On stage, Martello-White is an excellent actor - his turn in People, Places and Things proved that. He is a steady, strong presence who works discreetly in an ensemble or can define a juicy part. In the flesh he is friendly and passionate about his work. And, in the nicest possible way, Martello-White is clearly a bit of a sponge: he learns from everything and anything he does, soaking it all up so he can feed it into the next thing. It was his acting work on the Tarell McCraney play The Brothers Size at the Young Vic, and then on August Wilson's Joe Turner's Come and Gone that influenced his decision to turn his hand to playwriting. "With The Brothers Size I learnt so much. The play was essentially a chalk circle in a space… It had a profound effect on the way I look at theatre now, and what I think theatre can be," he says, "I feel strongly that if the writing is good enough, all you really need are the actors and the space."

Guerrilla, a love story set in the 1970s where a politically active couple bust a political prisoner out of jail, is Sky's latest soon-to-be big hit, written and directed by Academy Award-winner John Ridley.
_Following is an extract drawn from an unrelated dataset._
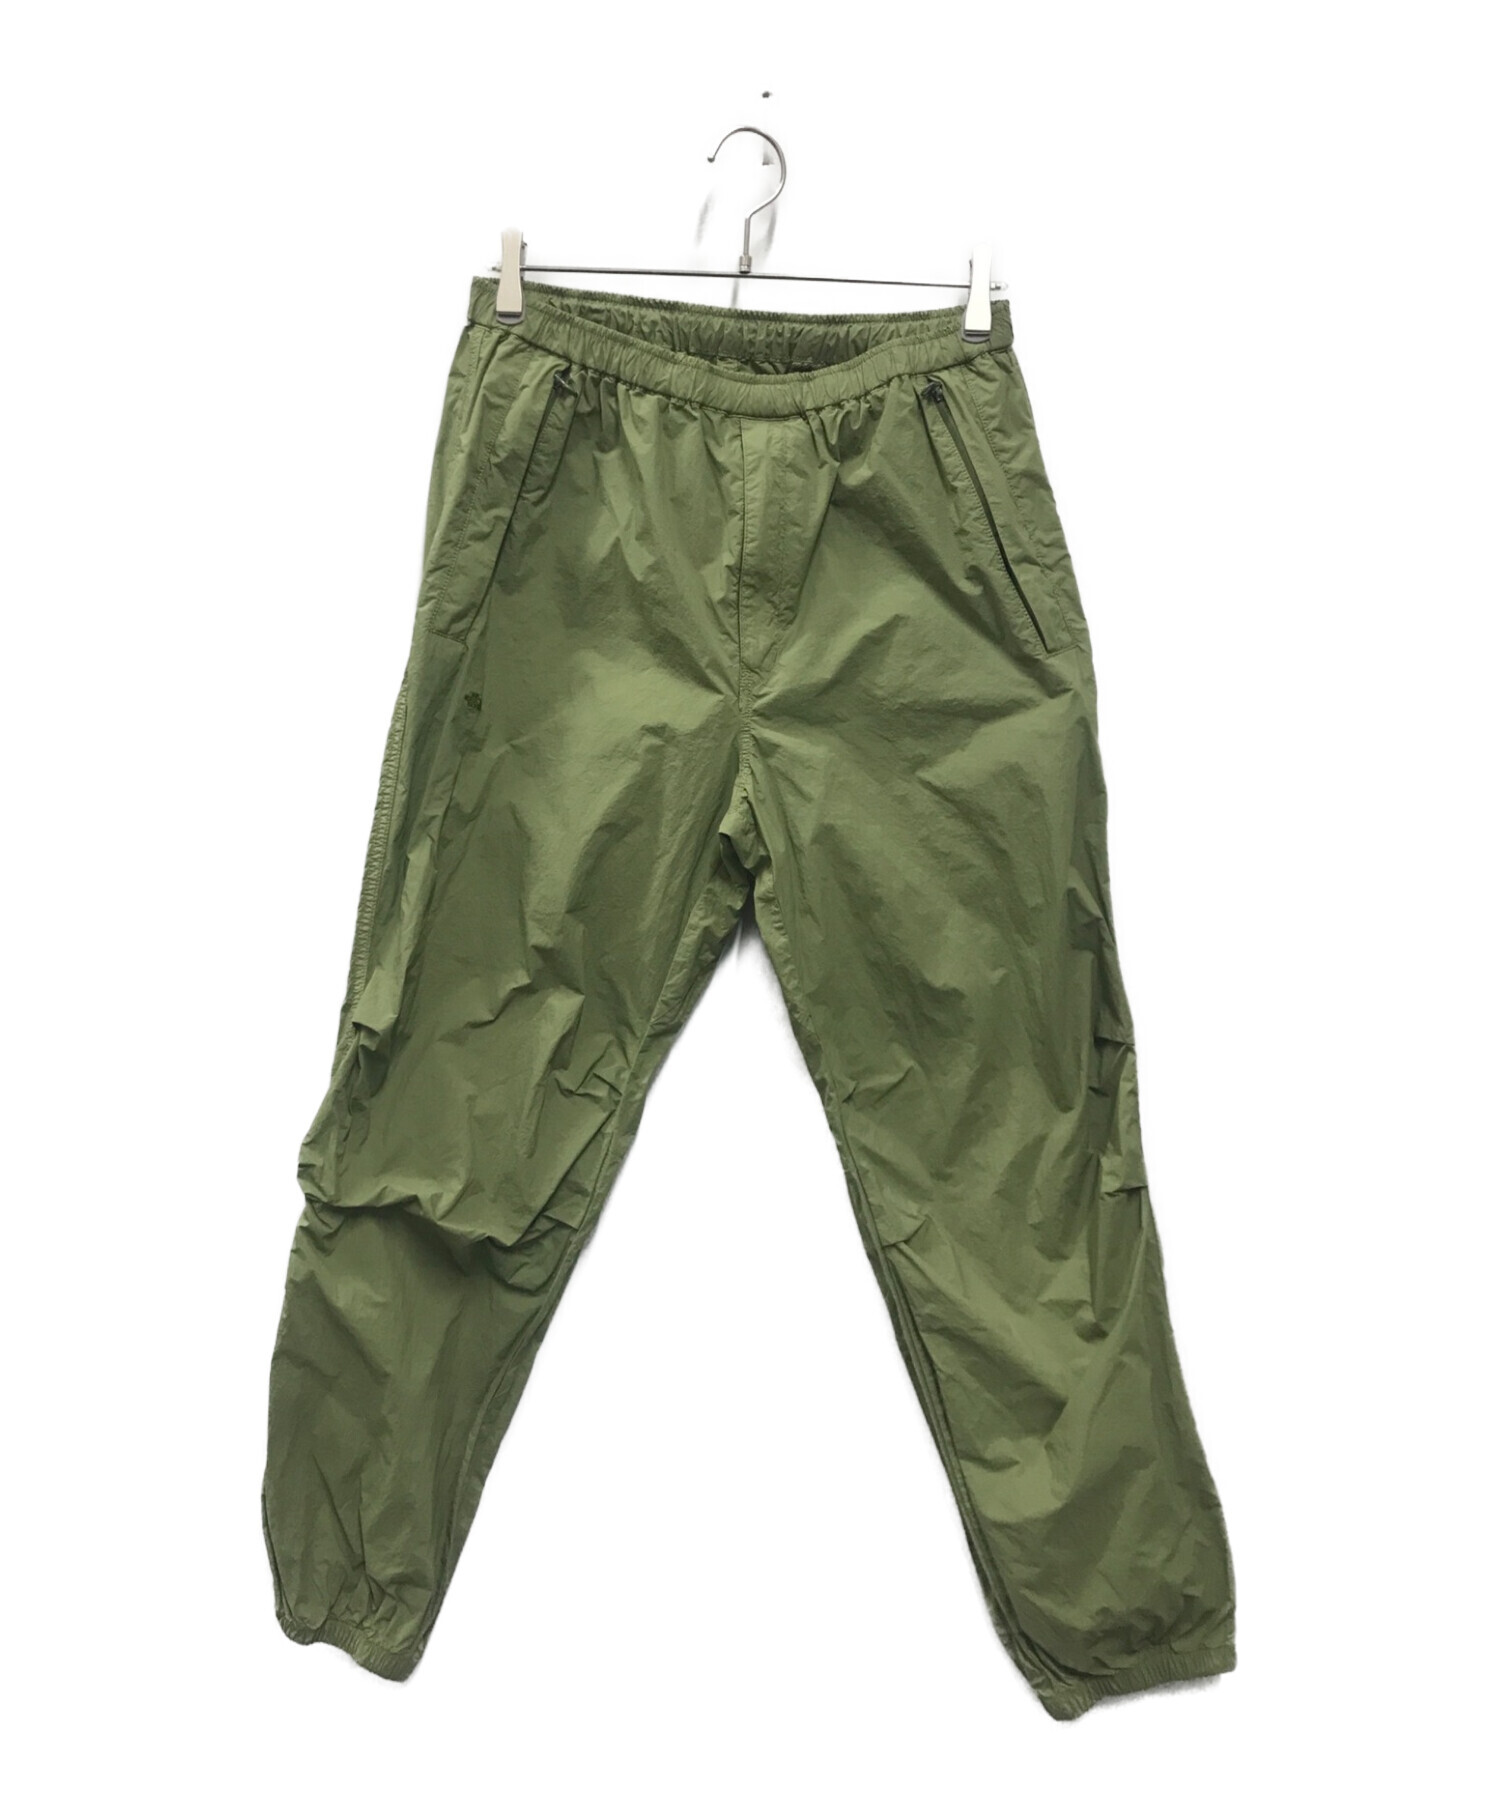 THE NORTHFACE PURPLELABEL (ザ・ノースフェイス パープルレーベル) Garment Dye Mountain Wind  Pants オリーブ サイズ:W32

It's the first time Martello-White will take on a lead role in a TV series. He's clearly excited about it. "TV shows are the modern novel and Guerrilla really feels like it sits in that category," he says, "The writing is like Shakespeare. The characters are all complex, they have got great journeys." Presumably he's learning as much from the set of Guerrilla as he did from McCraney and Wilson. Which probably means we'll be hearing much more about Martello-White very soon.

Torn runs at the Royal Court until 15 October.